The U.S. Court of Appeals for the Third Circuit partly reversed a 2018 lower-court decision that said the city could not ban employers from asking about salary history but could ban them from relying on it to set wages. The law has been in limbo since 2017, when the Greater Philadelphia Chamber of Commerce sued the city, claiming the ordinance violated the commercial-speech rights of employers.

Proponents of the law, which include the city and women’s advocates, say it would cut down on gender- and race-based discrimination that contributes to the wage gap by keeping unfair salaries from snowballing through an employee’s career.

Studies suggest women on average make about 80 cents for every dollar a man does. That gap is even higher for women of color.

City officials said the decision is a green light for them to begin enforcing the law, but they haven’t set a timetable. The Philadelphia Commission on Human Relations would be in charge of enforcing the law, and employers found in violation could face fines and litigation. City Solicitor Marcel S. Pratt, who argued the case before the appeals court, said the city hopes to work with the Chamber on implementation.

The Chamber said in a brief statement it’s “clearly disappointed” and is reviewing potential next steps.

The 67-page unanimous opinion representing the three-judge panel was written by Judge Theodore McKee, who wrote that while the provision does limit employers’ speech, it is “only because that limitation prevents the tentacles of any past wage discrimination from attaching to an employee’s subsequent salary.”
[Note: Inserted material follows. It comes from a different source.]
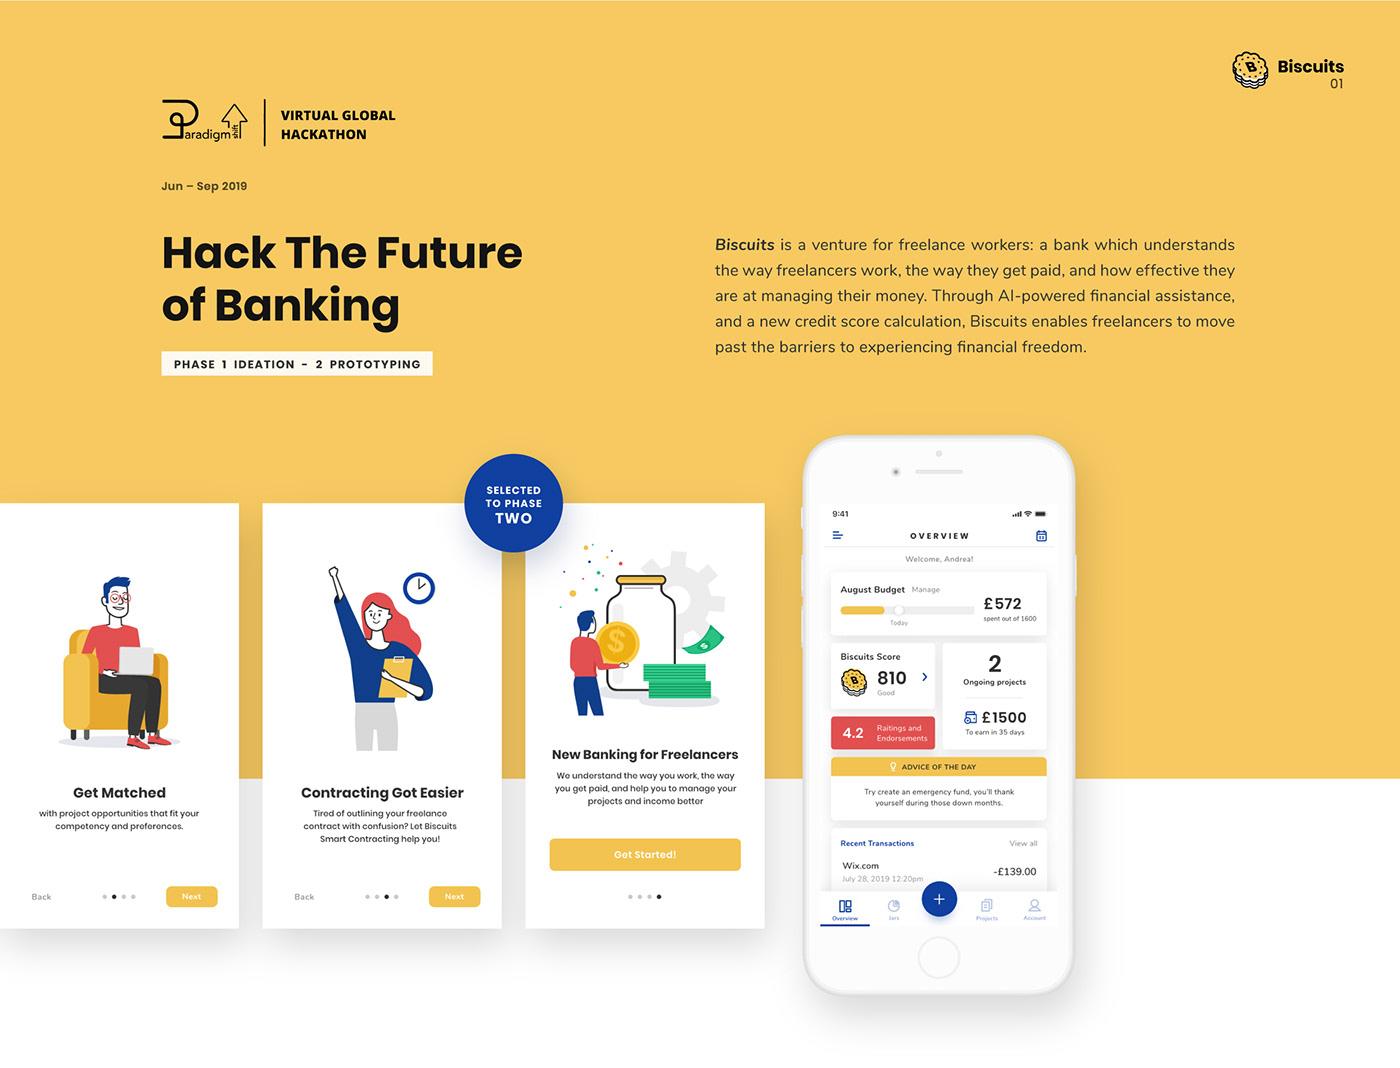 DBS paradigm shift hackathon future banking banking app freelancer Freelance money app banking financial management freelance app

The appeals court disagreed with U.S. District Judge Mitchell S. Goldberg, who favored the Chamber’s argument that the City of Philadelphia failed to provide evidence showing its law would actually tamp down on the wage gap. McKee wrote that though the city’s evidence was “sufficient,” legislatures aren’t required to provide data showing the efficacy of a proposal if it’s an “innovative solution” that hasn’t been widely implemented previously.
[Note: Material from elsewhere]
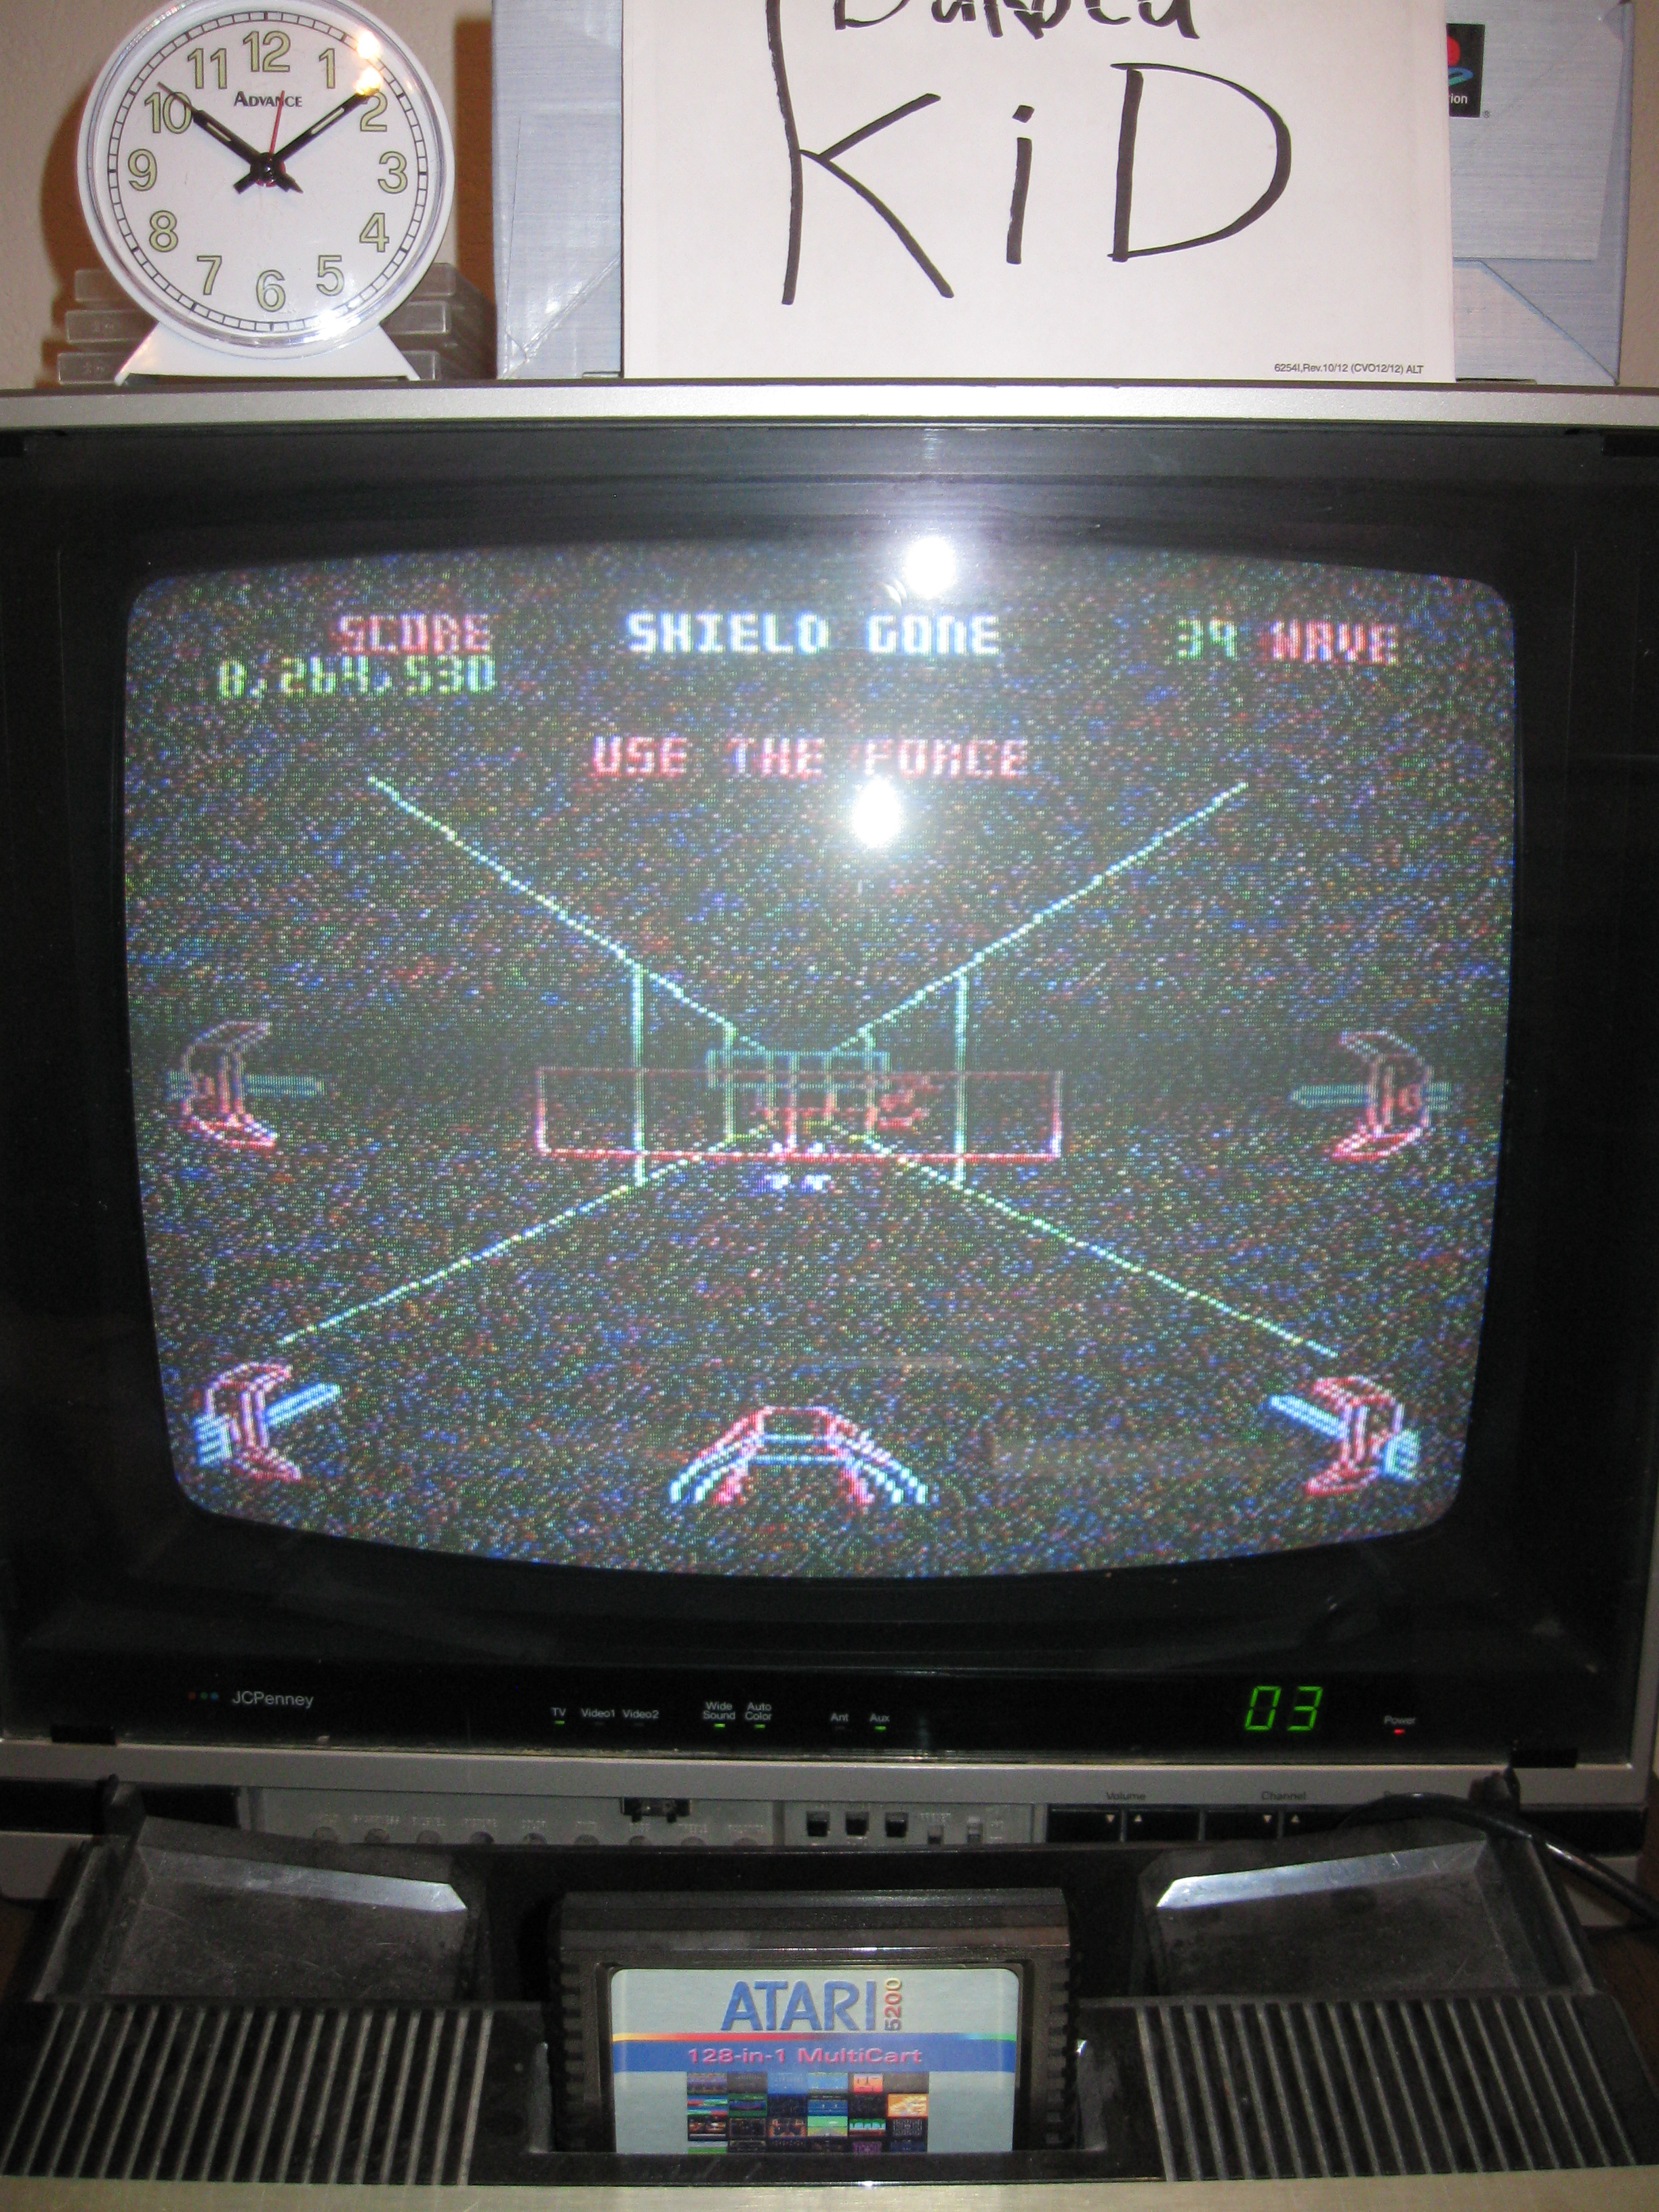 DakotaKid: Star Wars: The Arcade Game [Skill 1] (Atari 5200) 8,264,530 points on 2016-04-18 12:41:14

The Chamber, backed by Philadelphia companies including Comcast Corp., contended in legal filings that the law burdens businesses in their efforts to evaluate what is a competitive salary offer in a tight labor market.

Rick Grimaldi, a Philadelphia management-side workplace attorney and partner at Fisher Phillips, said the law is part of what he considers “an overreach generally in the city that is somewhat punishing to employers and businesses trying to succeed” here.
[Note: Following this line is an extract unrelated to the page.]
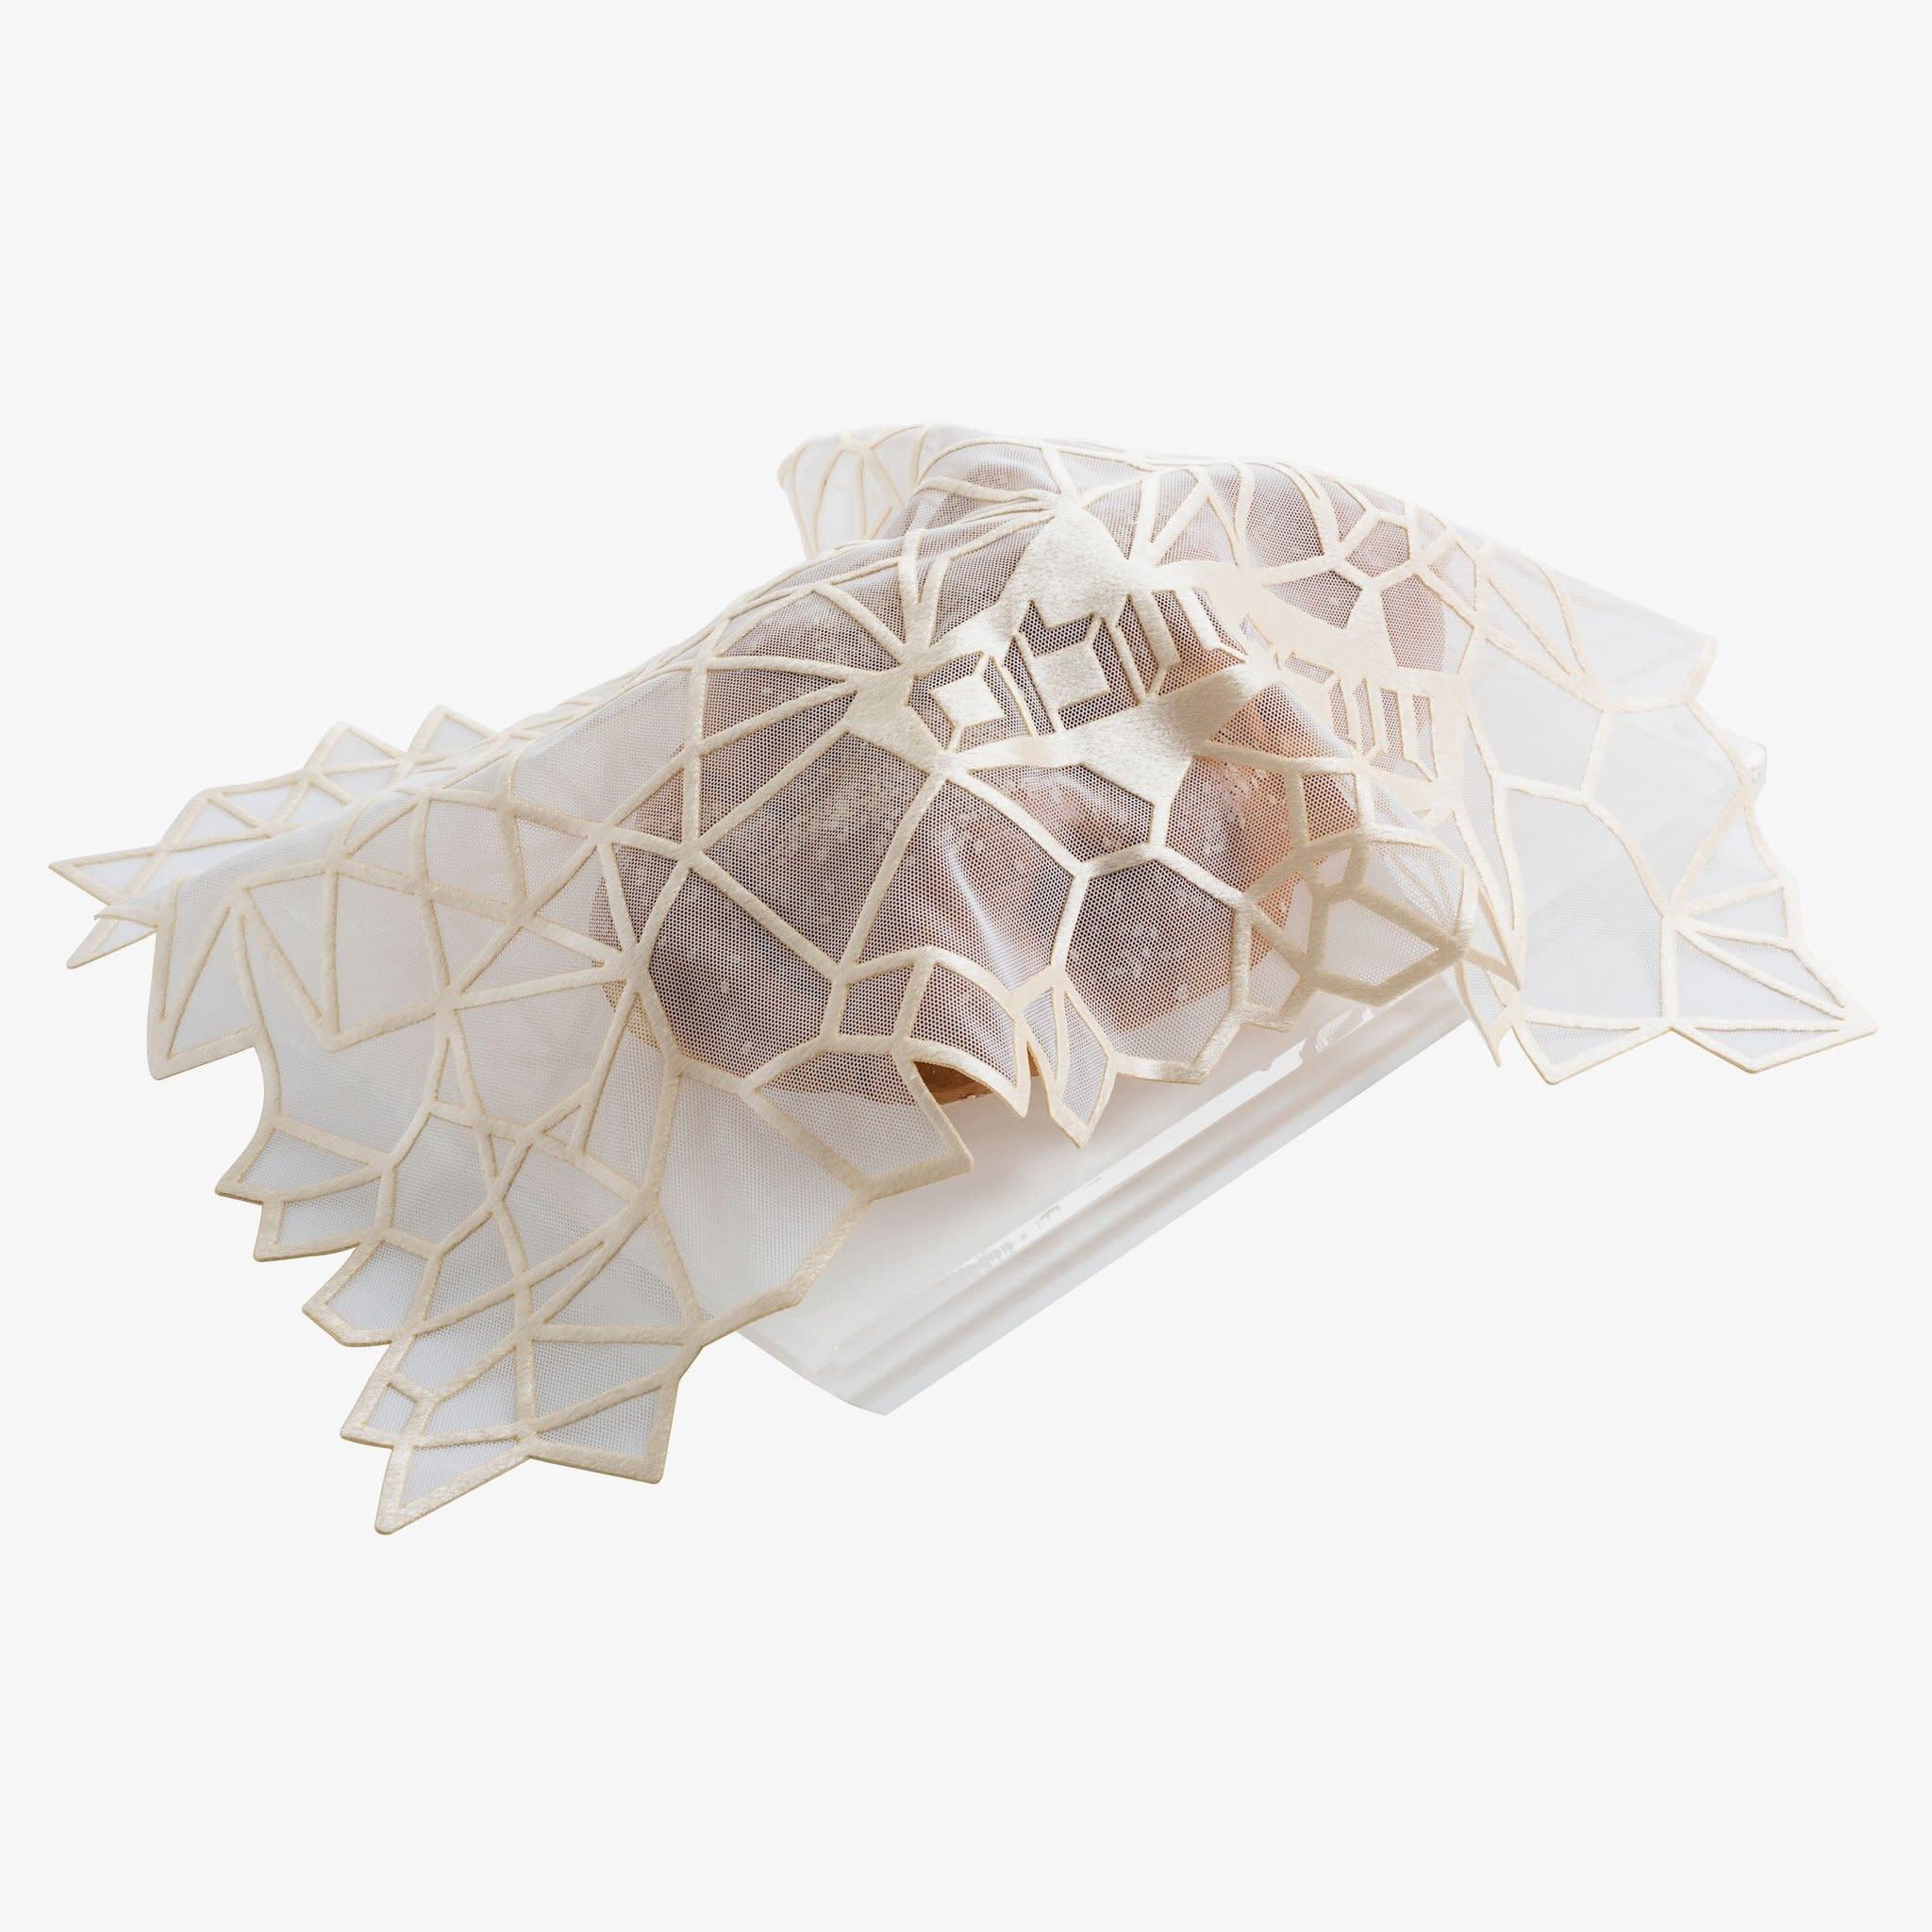 Apeloig Collection Challah Cover Geometric Cream

“Couple that with the taxes and the regulatory regime,” he said, “we really do jeopardize chasing businesses out of the city.”

Grimaldi said this ruling isn’t the end of the conversation. The Chamber can petition the U.S. Supreme Court to review the decision. Legal challenges also could be brought in other jurisdictions, and if a different circuit rules against a salary-history ban, it could set up a showdown in the Supreme Court.

Rue Landau, executive director of the Philadelphia Commission on Human Relations, said the law, which was unanimously passed by City Council in 2017, comes amid a variety of worker-protection legislation Philadelphia has implemented in recent years. This one, she said, "should be held up as one that is all about equality and protecting people’s civil rights.”

“I’ve never understood the argument against it,” she said.

Former City Councilman Bill Greenlee, who championed the bill, said “this is just the right thing to do,” despite concerns from businesses and corporations in Philadelphia.

“They were agreeing that there was wage inequity, but they’re saying this won’t solve the problem,” he said. “Well how do you know if you don’t try it?”